Switzerland may be famous for its snow‑capped peaks and punctual trains, but beneath its Alpine façade lies a sprawling subterranean world that rivals many surface cities. For almost three decades engineers have tunneled through solid rock, creating a hidden infrastructure that supports high‑speed rail, hydro‑electric storage, data centers, and emergency shelters. This article uncovers how the project began, the engineering feats that made it possible, the sheer scale of the network, its multi‑purpose functions, and what lies ahead as the nation pushes the limits of underground construction.

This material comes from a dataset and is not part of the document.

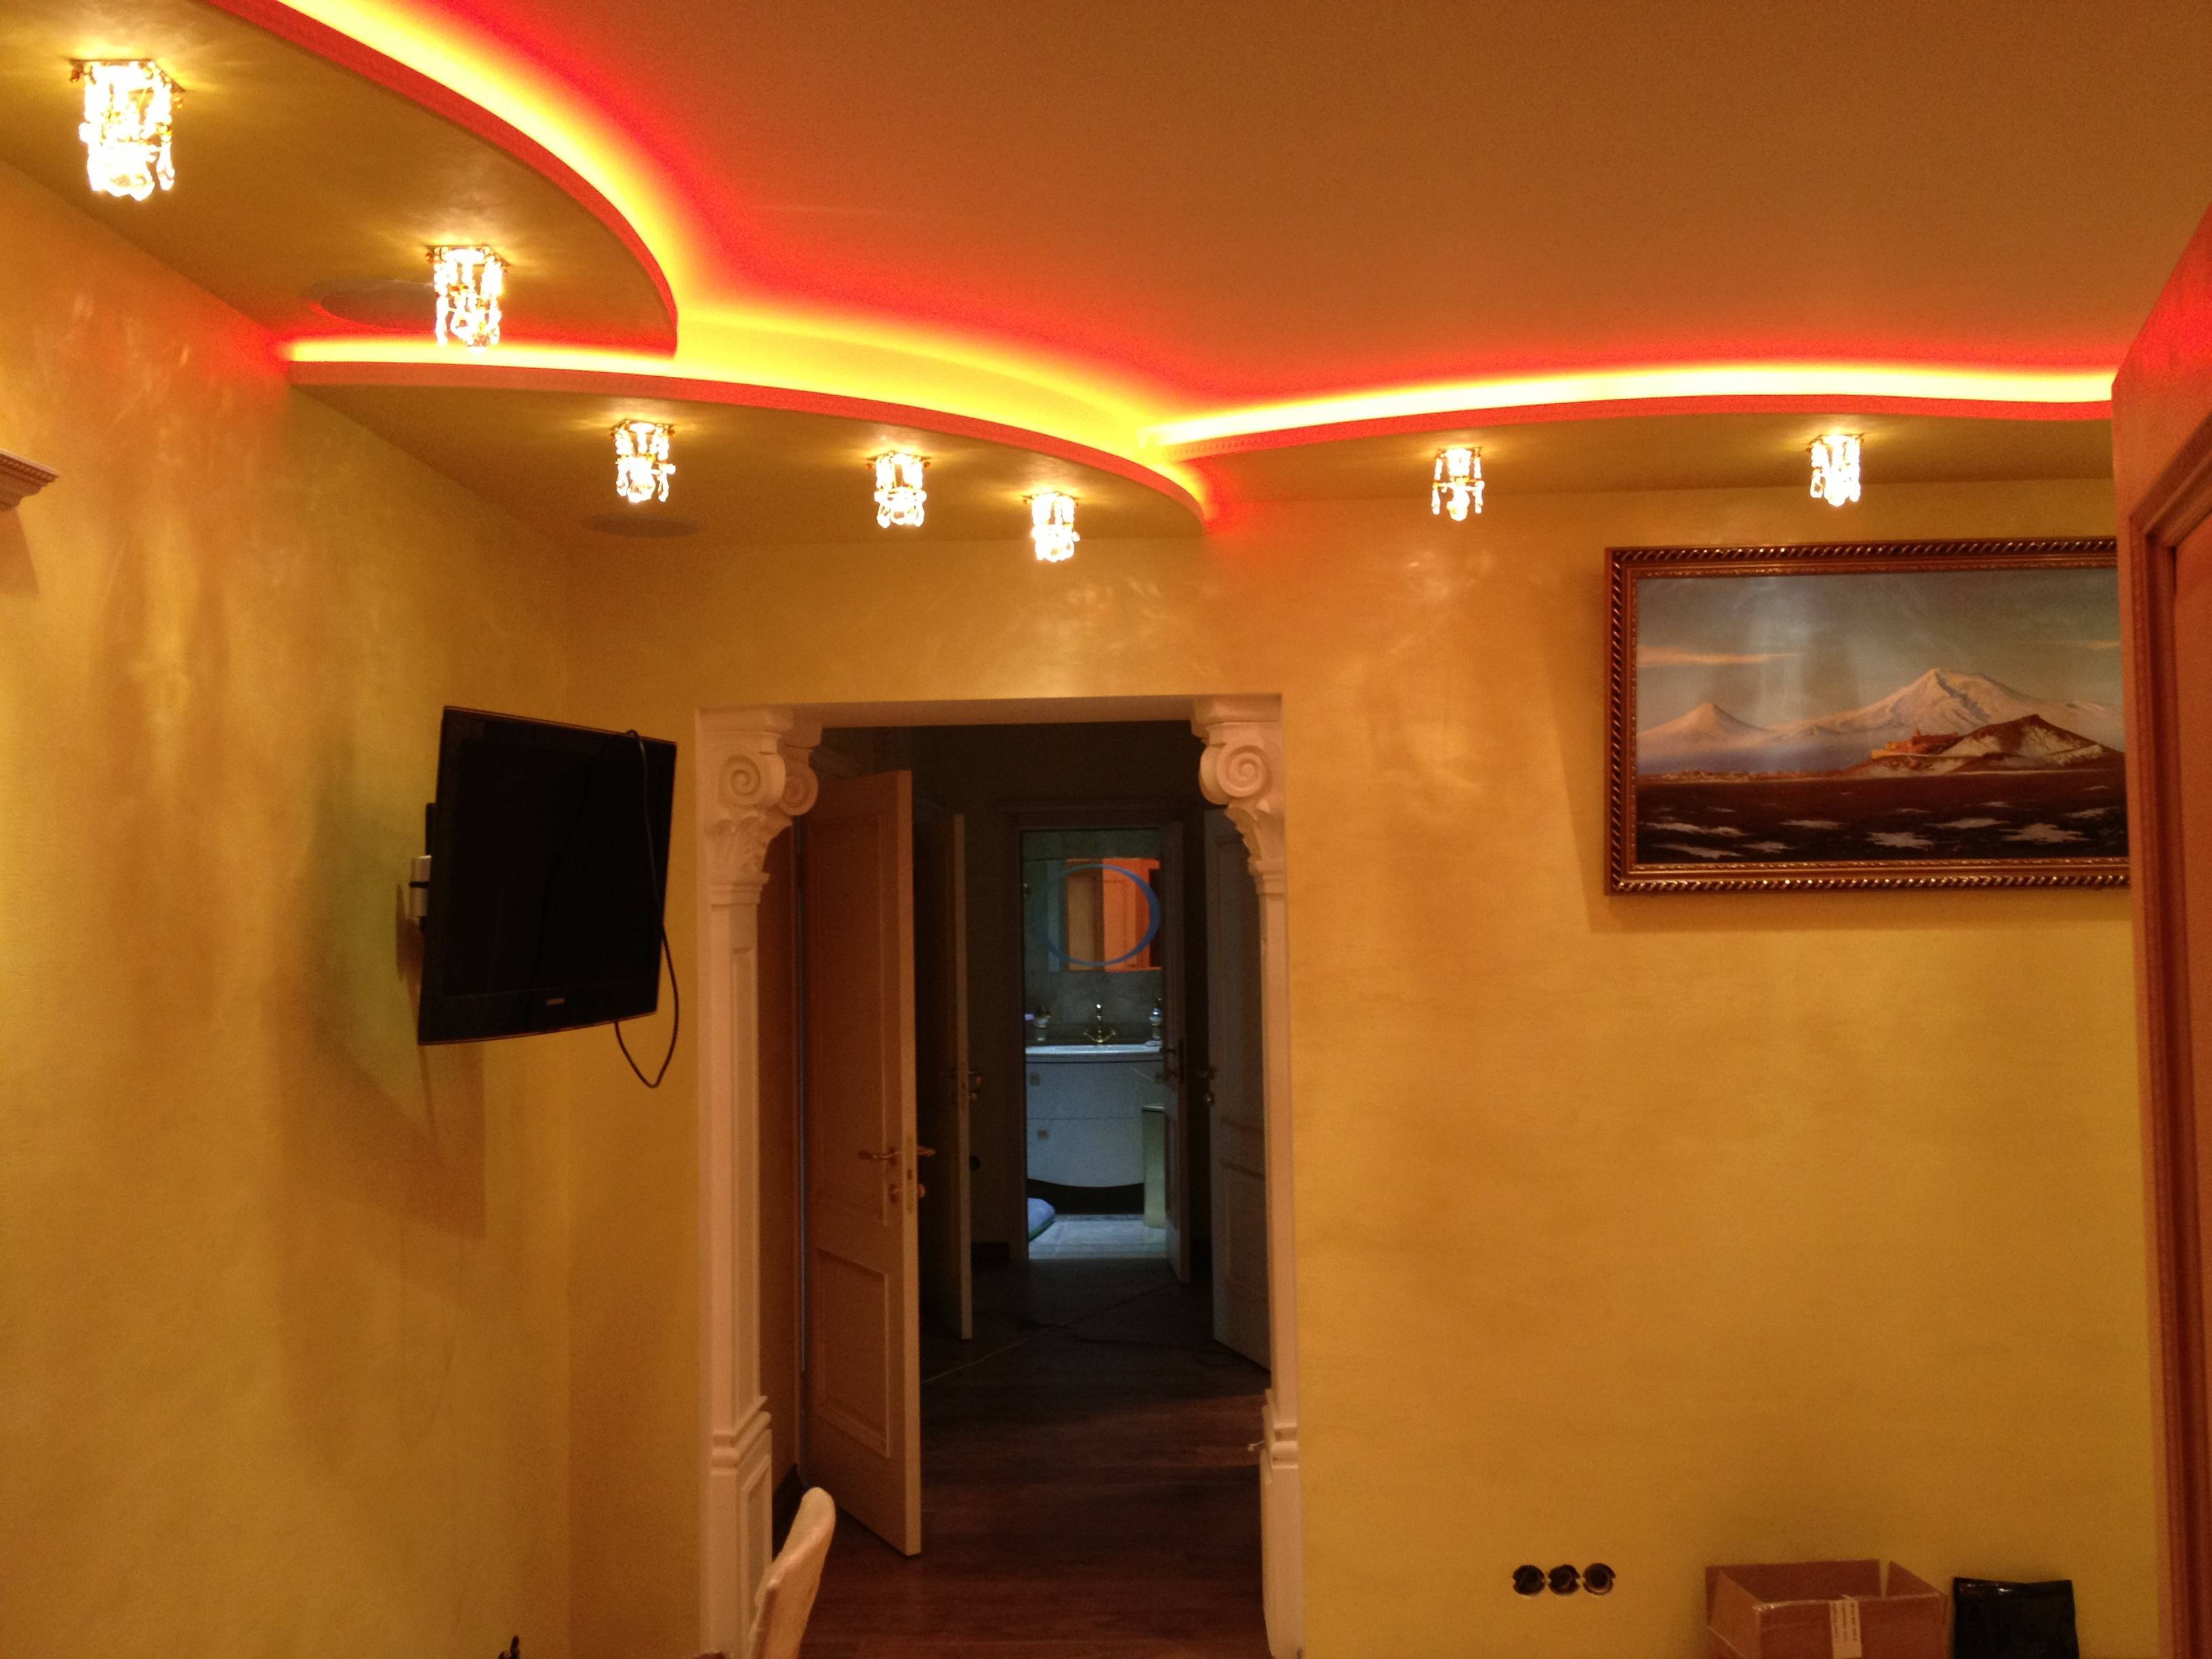 Подсветка потолка светодиодной лентой, установка светодиодной ленты под натяжной потолок
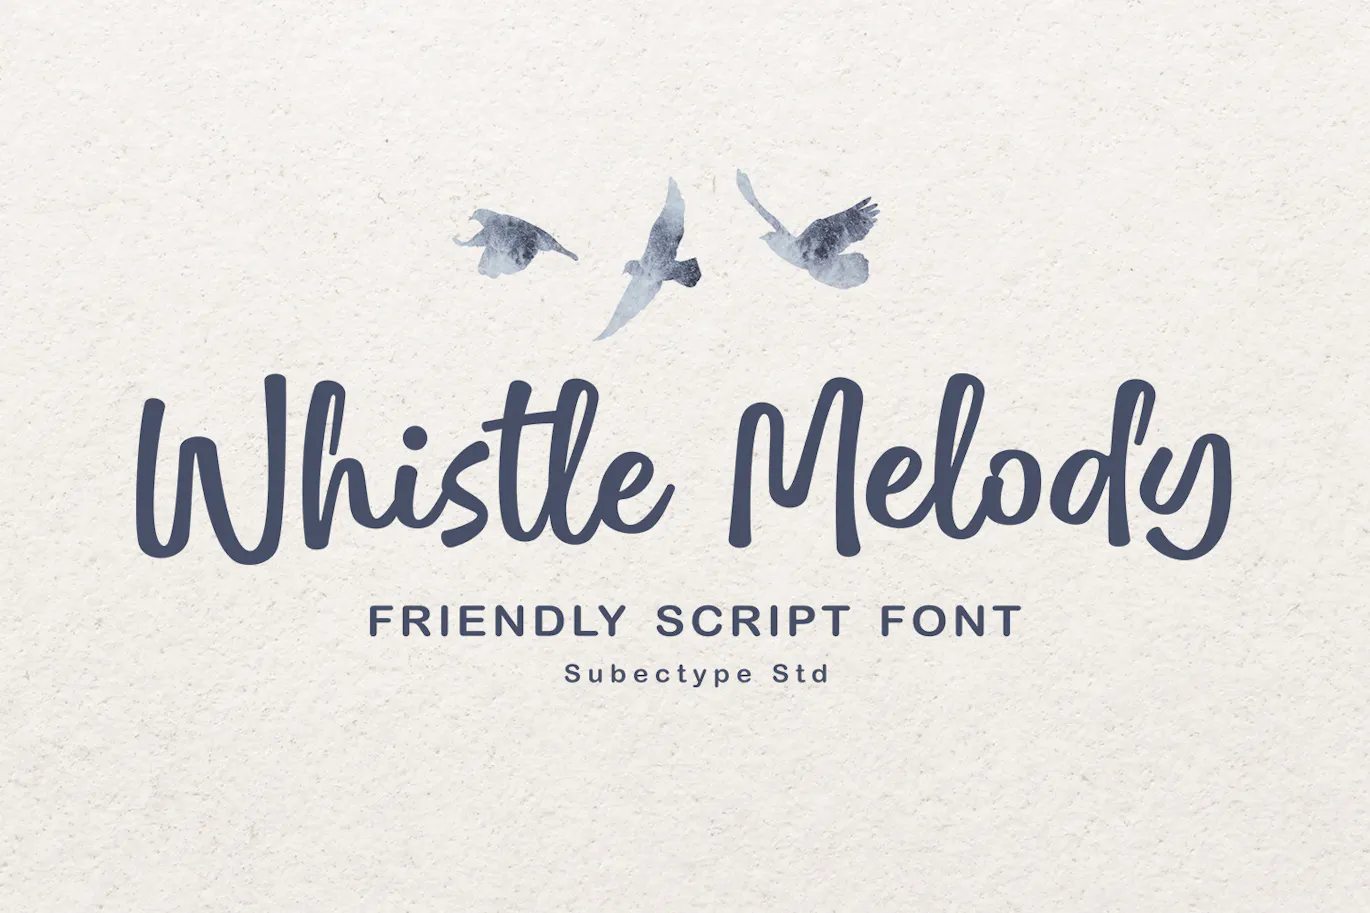 有趣的英文手写花体字体 - Whistle Melody 设计字体 第1张

From alpine dreams to concrete reality
The vision emerged in the early 1990s when Switzerland faced mounting pressure to expand its transport capacity without compromising its pristine landscapes. The Swiss Federal Railways (SBB) proposed a series of deep‑level tunnels to divert traffic from congested valleys, while the federal government saw an opportunity to store renewable energy underground. Funding was secured through a mix of public‑private partnerships, and the first borehole was launched in 1994, marking the start of a relentless push through granite, gneiss, and limestone.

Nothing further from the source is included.